The possible indications for CoQ10 are many and varied. However, with current evidence it is difficult to make firm recommendations. Some patients may initiate therapy themselves as it is widely available.
CoQ10 dissolved in an oil matrix rather than a crystalline form appears to be better absorbed.¹ Dosages used in clinical trials have varied, but there appears to be a trend towards higher doses. Recommendations on dosage often relate to specific diseases and there is no firm recommendation for use in prevention of disease. What dosage should be taken remains an open question with suggestions in disease states ranging from 30 mg per day to 300 mg per day.

It is important that monitoring of any disease or condition be continued.

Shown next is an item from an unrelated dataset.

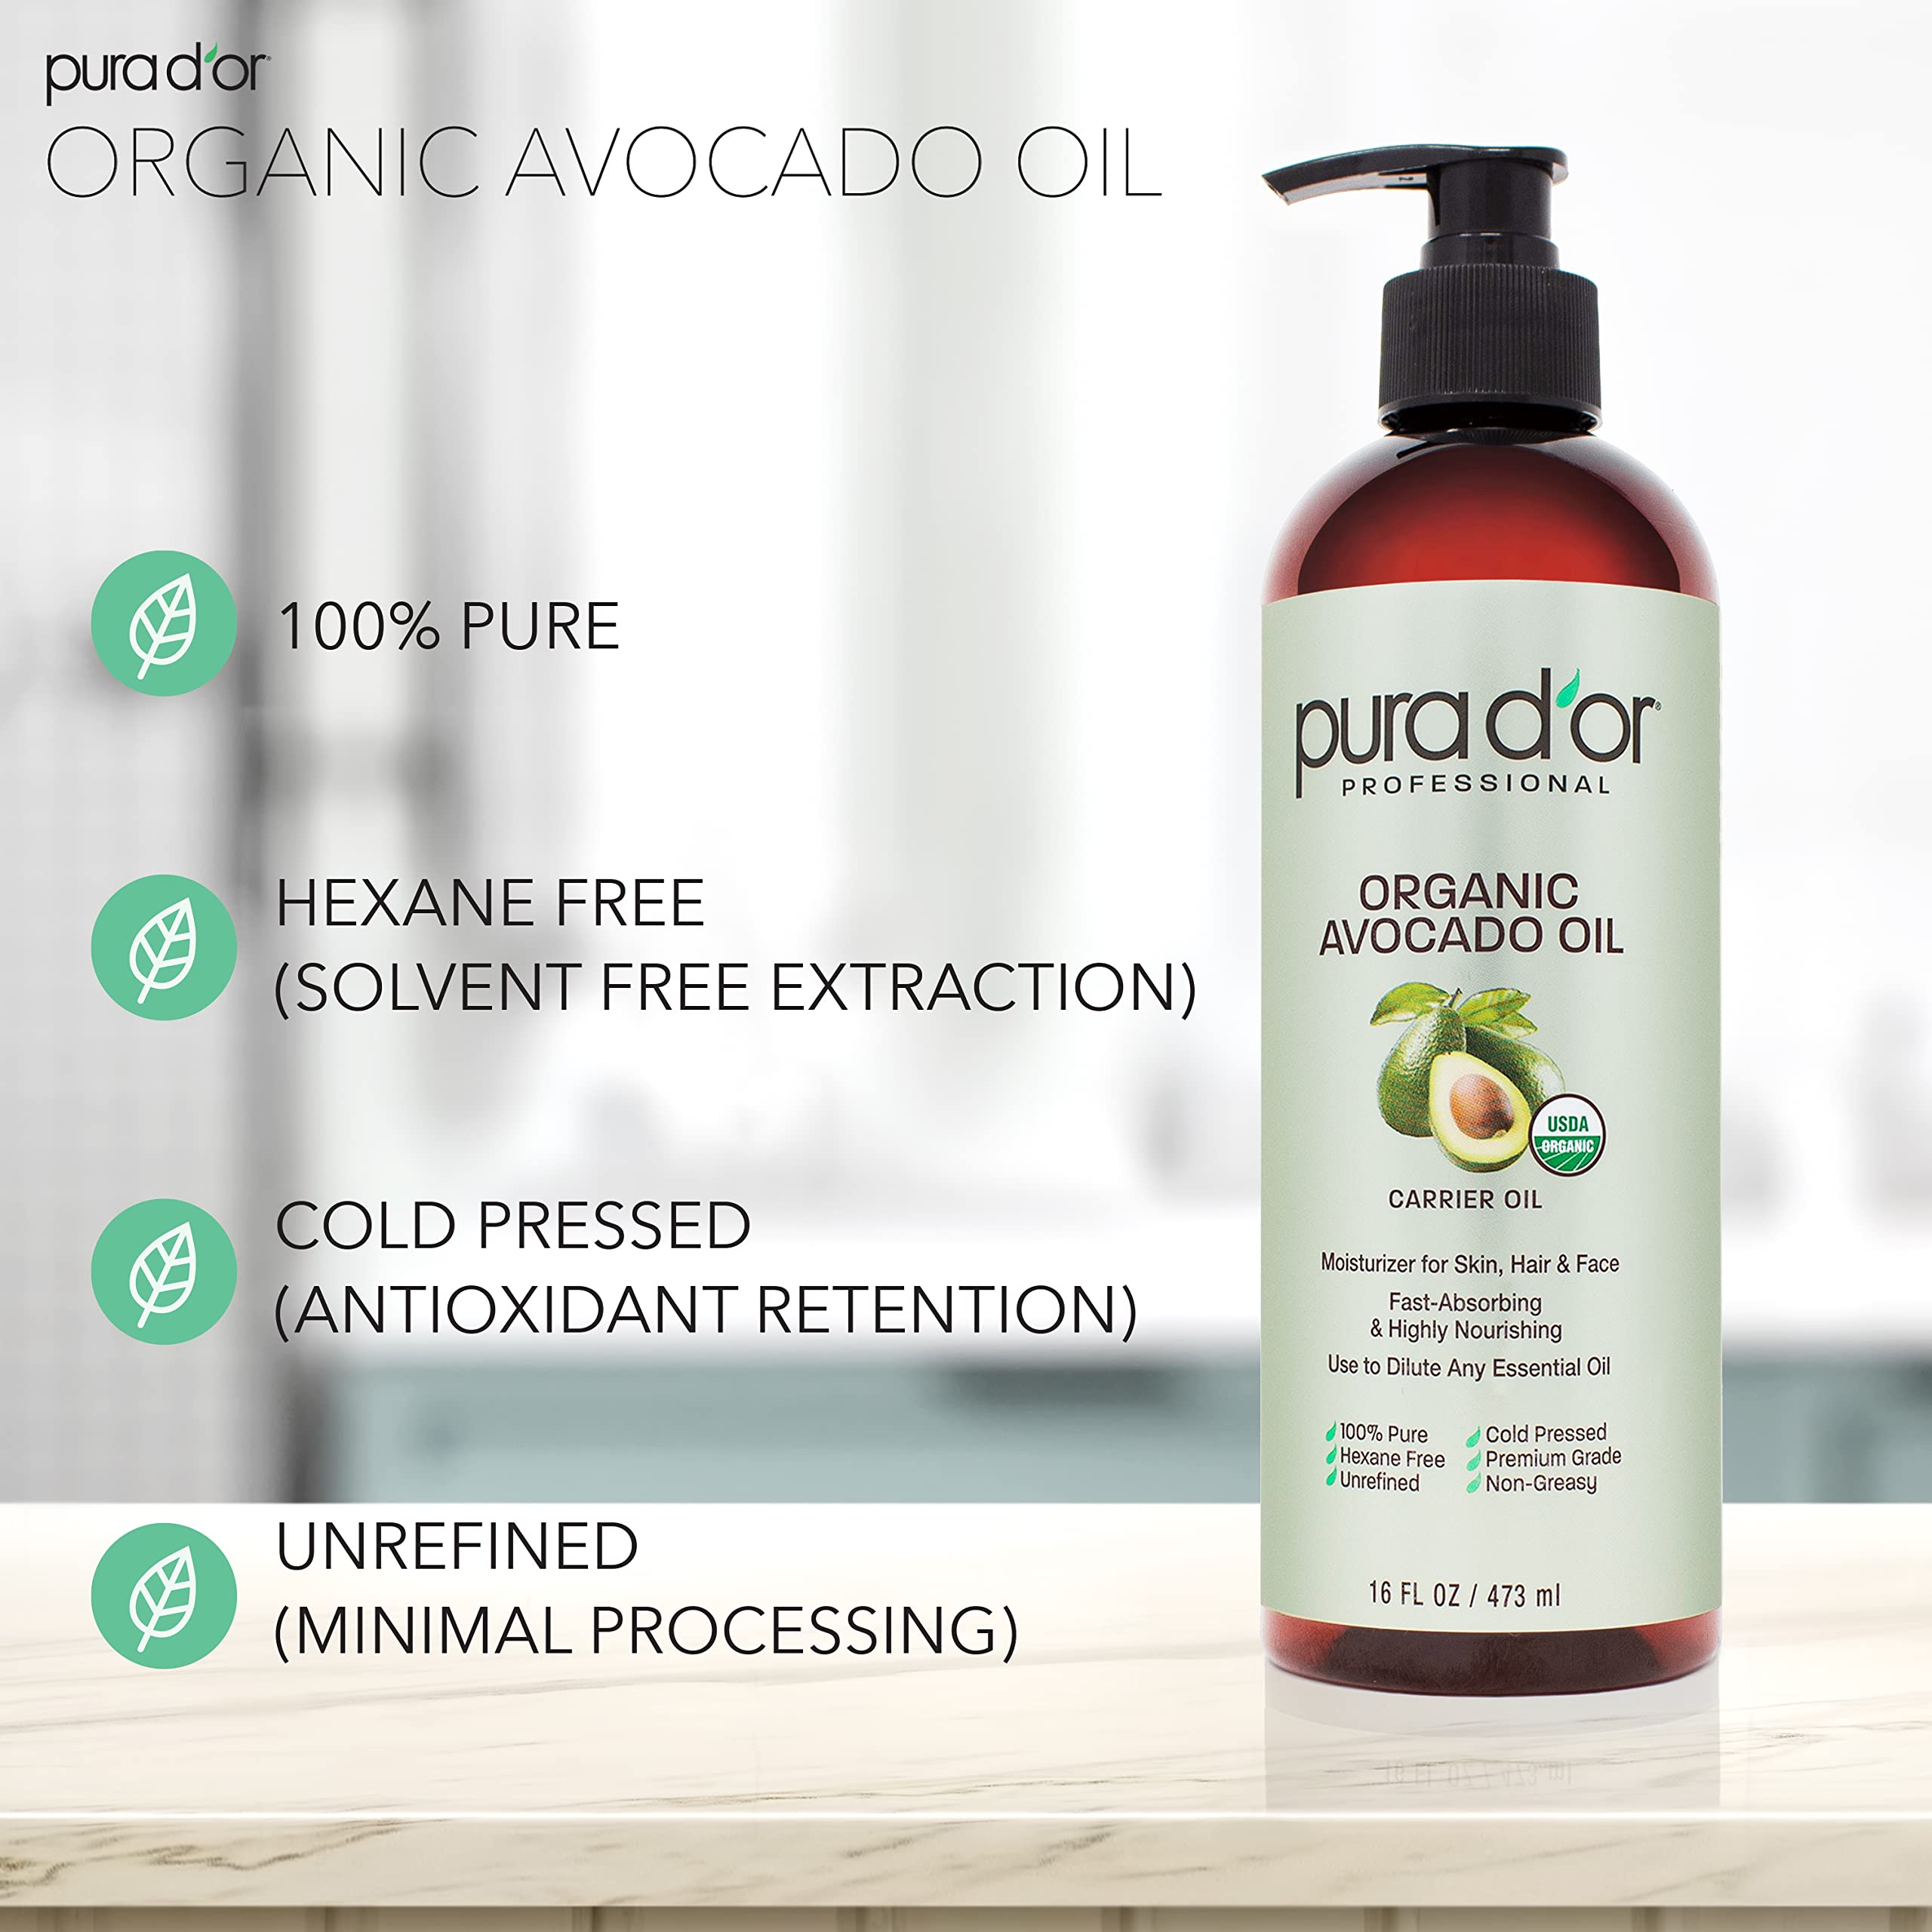 PURA D'OR Organic Avocado Oil, 100% Pure USDA Certified Natural, Cold Pressed Carrier Oil, Nutrients & Antioxidants, Hydrating & Nourishing for Full Body Massage, Hair, Skin & Face, 16oz
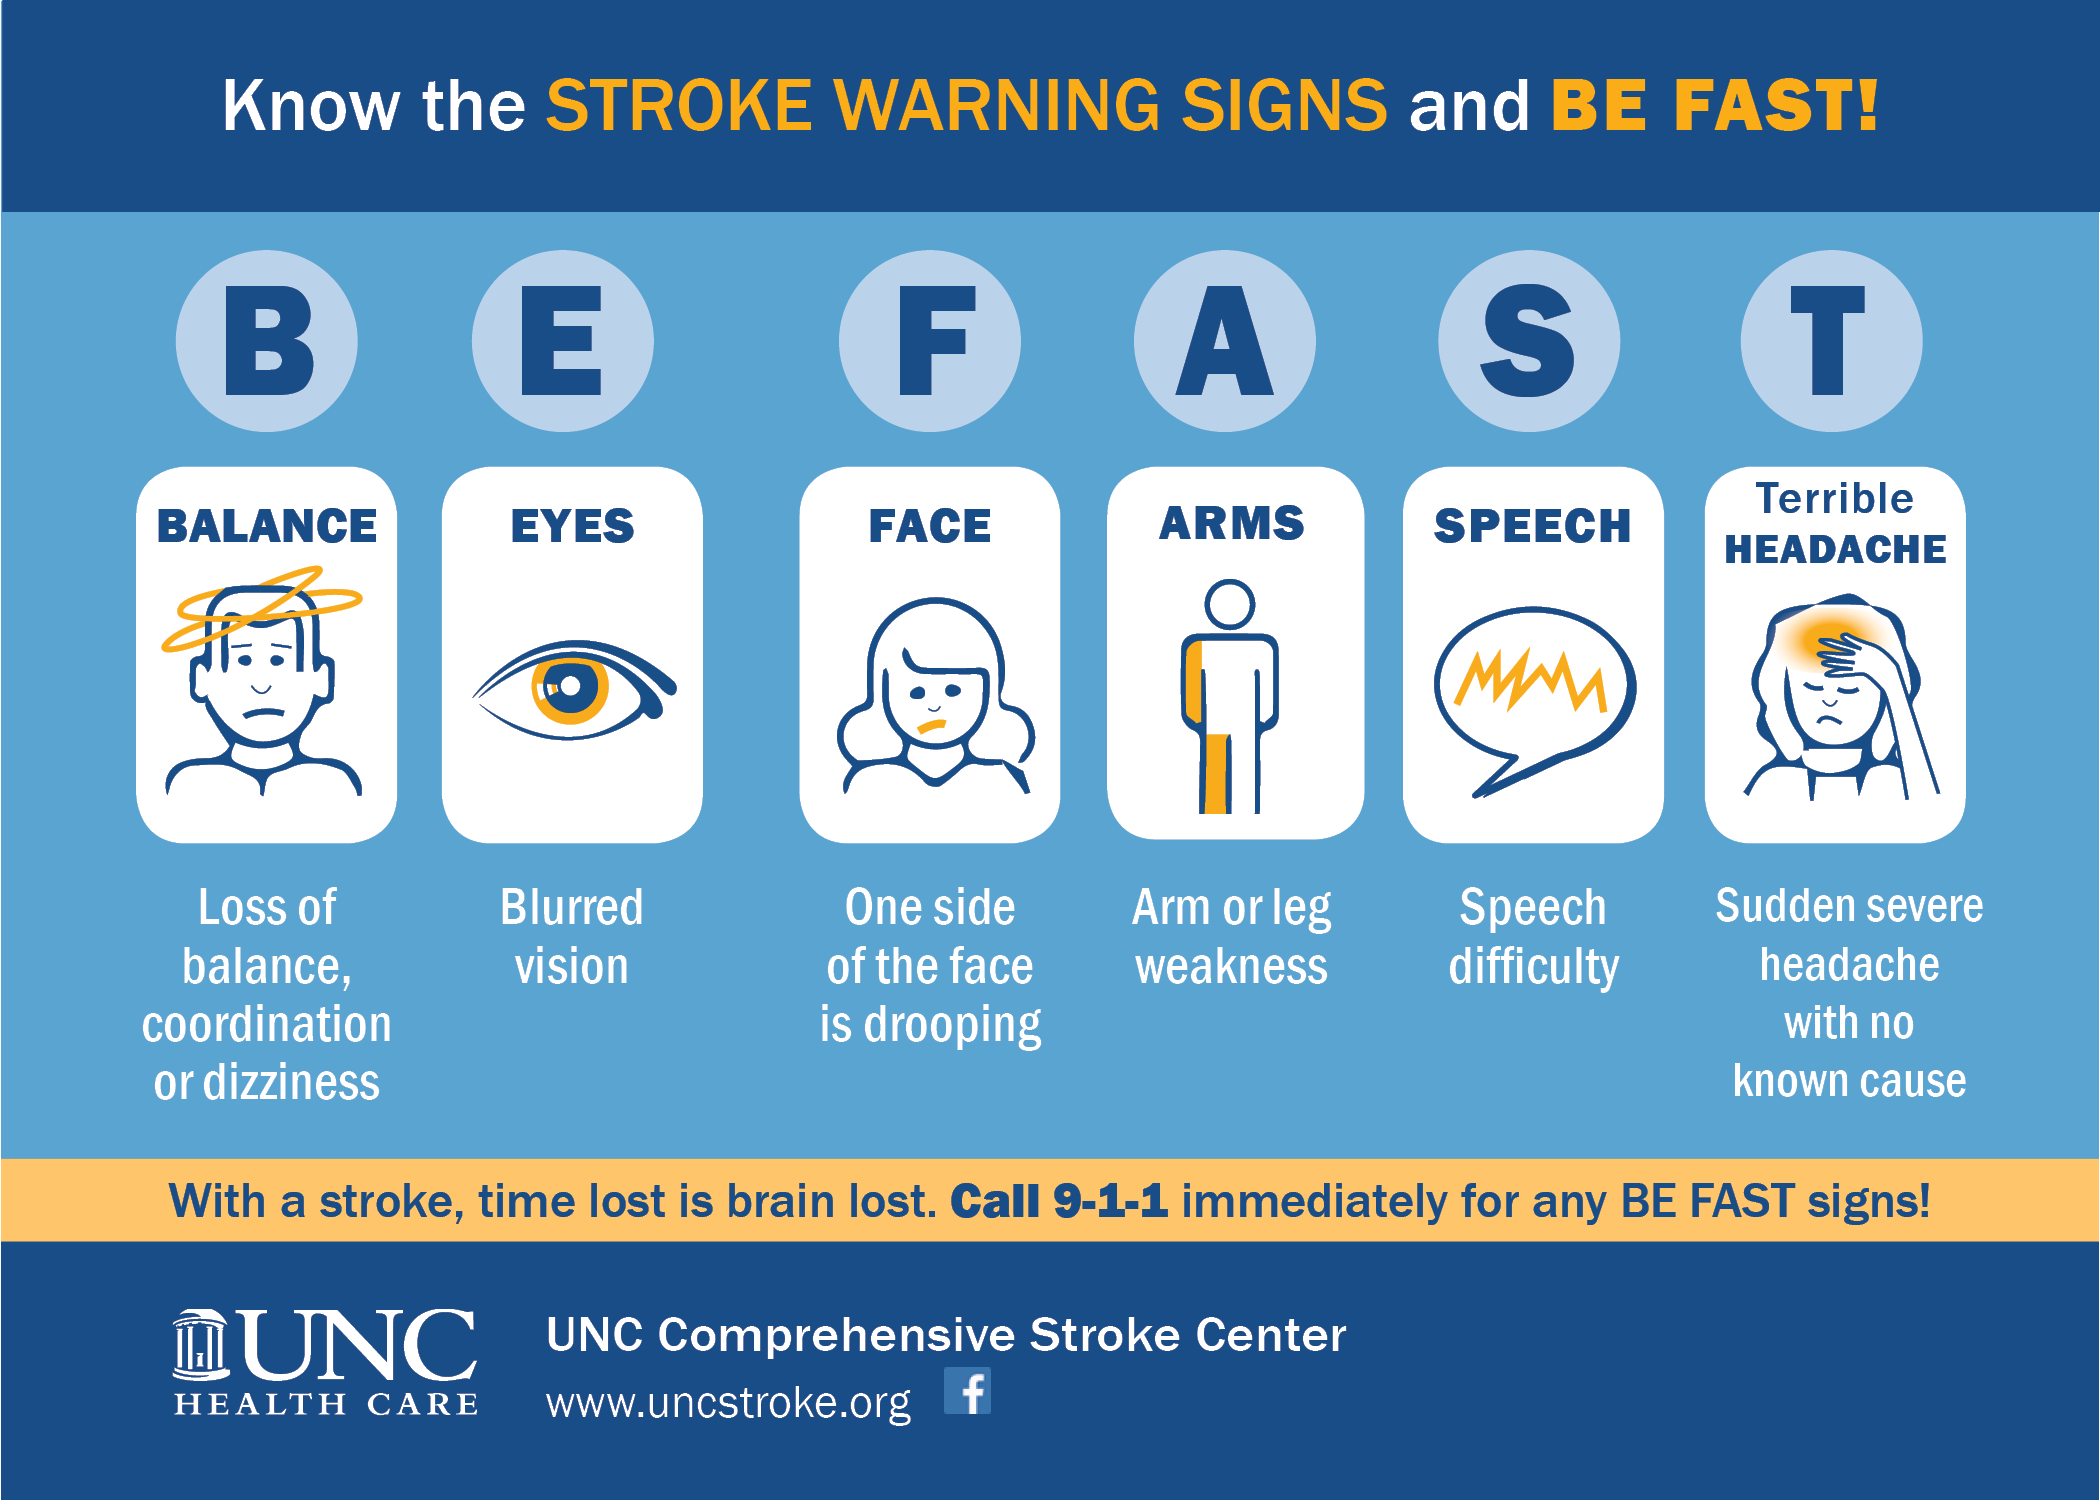 Stroke Warning Signs - loss of balance, trouble seeing, face drooping, sudden numbness in arms, difficulty talking. Call 911.

No CoQ10 specific monitoring is recommended in routine clinical use. CoQ10 levels can be measured but such testing should certainly be discussed with the laboratory.

A possible interaction with coumarin anticoagulants has been reported at high doses.

CoQ10 was first isolated in 1957 by a Dr Crane in Wisconsin and by Professor Morton in England. Professor Morton came up with the name ubiquinone (ubiquitous quinone). Production of large quantities was perfected in the 1970s in Japan, enabling larger scale clinical trials. The role of CoQ10 in the energy production within mitochondria was better understood after the contribution of 1978 Nobel Prize winning scientist Peter Mitchell.